Beyond Walls
The homemade, hard-candy windows and gingerbread walls, that held hours of work in their structure, made a cacophony as they fell from the table and hit the floor. The shattered mess crunched underfoot.
“Oh, my f%&*ing word!”
This wasn’t my first gingerbread creation. It wasn’t the first time I had a wrecked one in front of me. It wouldn’t be the first time that I took in a deep breath, rolled my eyes, and started anew, driven by the need to not be defeated.
This time would be different.
I said, aloud to my husband, “I am going to wait five minutes before I decide whether or not to make a new one.”
Five minutes later: “I am going to decide later tonight, whether or not to make a new one.”
One hour later: “I am not going to make a new one.”

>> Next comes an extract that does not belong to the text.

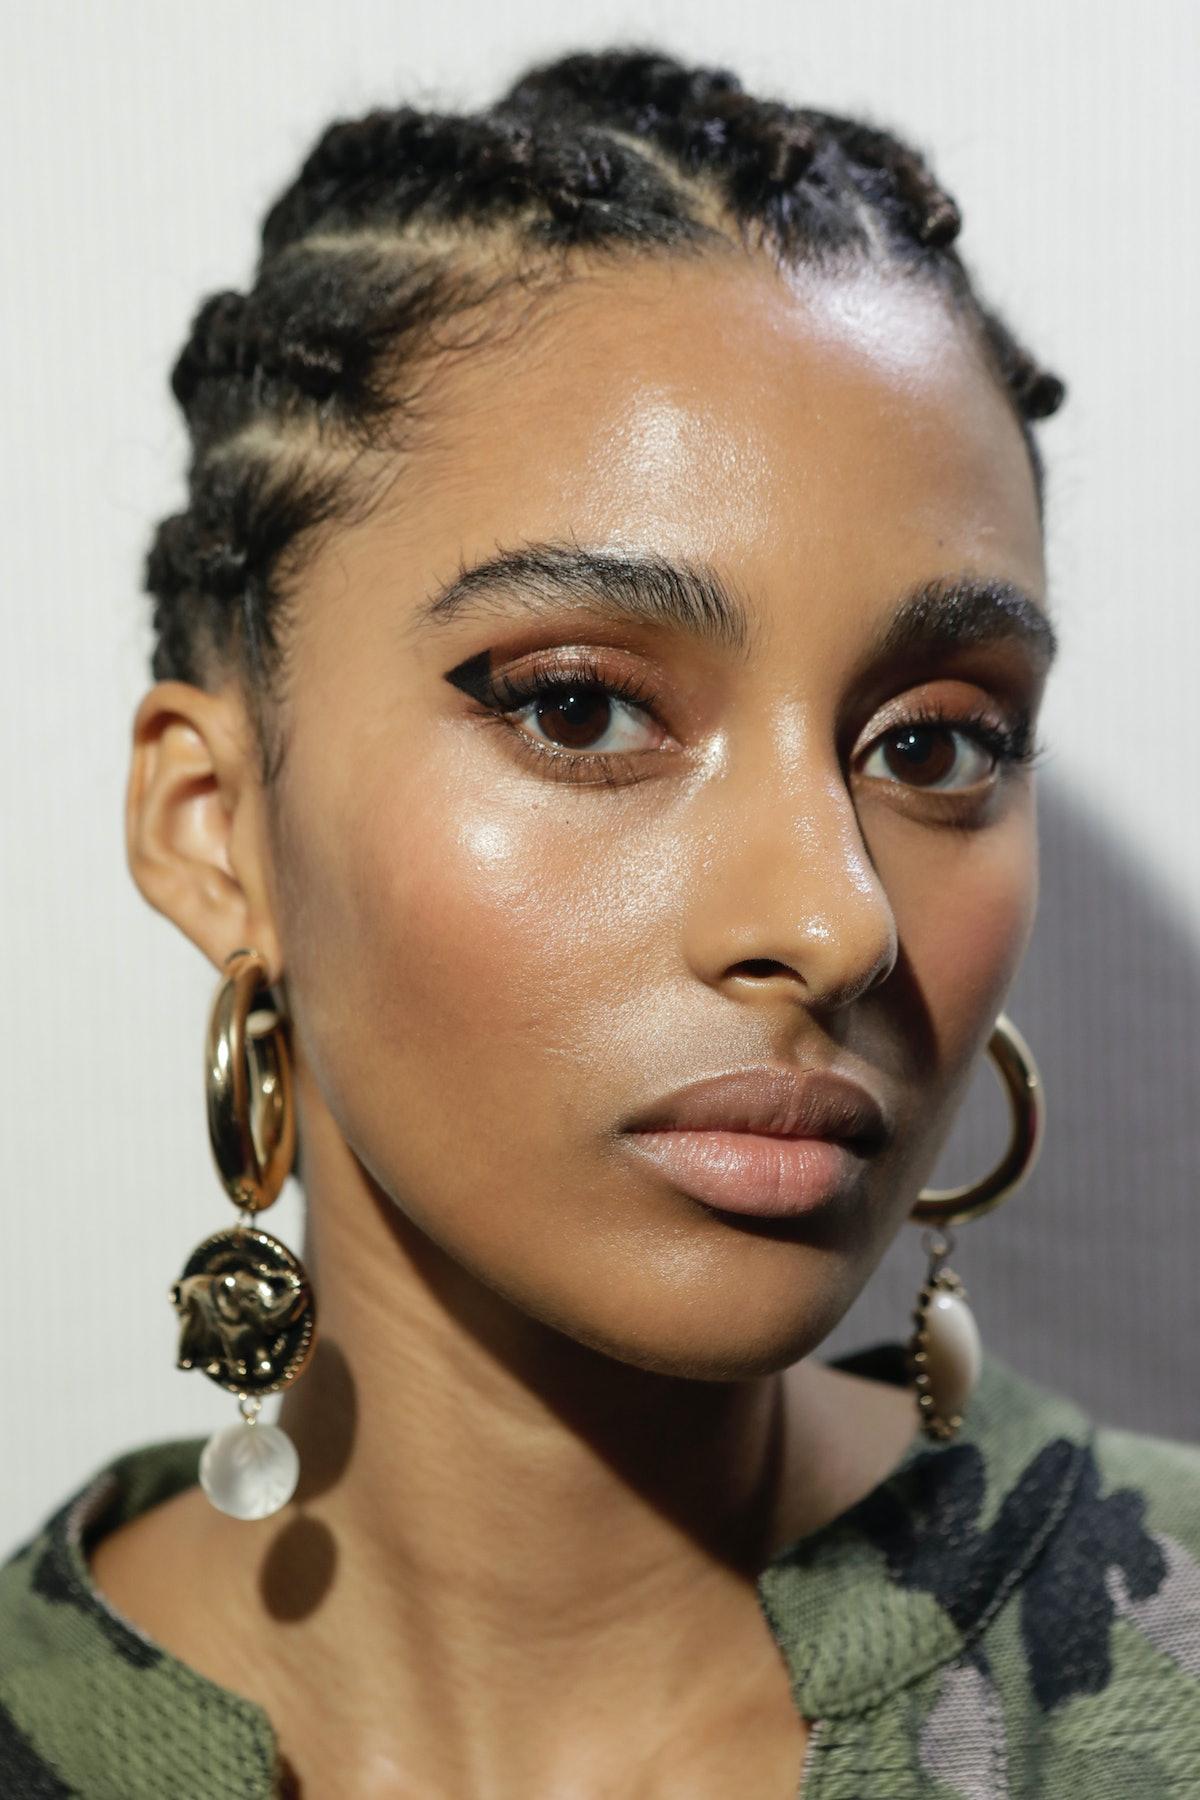 model backstage at fashion week

This might seem like giving up, but it was a new direction for me. It required me to accept failure, tolerate it, and endure the moments throughout the holiday season when I wished I had created something fun and festive and now felt something missing. This impelled me to mute my ego and open myself to being content with not getting my way. It demanded I sit with the forces that disrupt my day, by finding a way to walk with them instead of fight them or snuff them out.
The spot where the gingerbread house would be was in front of me and while I wish it were otherwise, it would not hold a gingerbread house. It was my challenge to not need to yearn for what I wish it had held. It was my challenge to appreciate it as is.
Well, I managed to handle that, but unfortunately, that was the only disappointment I handled well in the past few months.
For whatever reason, December confounded me. There were lots of metaphorical gingerbread houses shattered at my feet. My mood felt broken. My body pulsed with a defensive need to push back against everything in its path. While I had spent most of my life doing battle with my fickle mood, for the past five months things had felt on keel.
Not December.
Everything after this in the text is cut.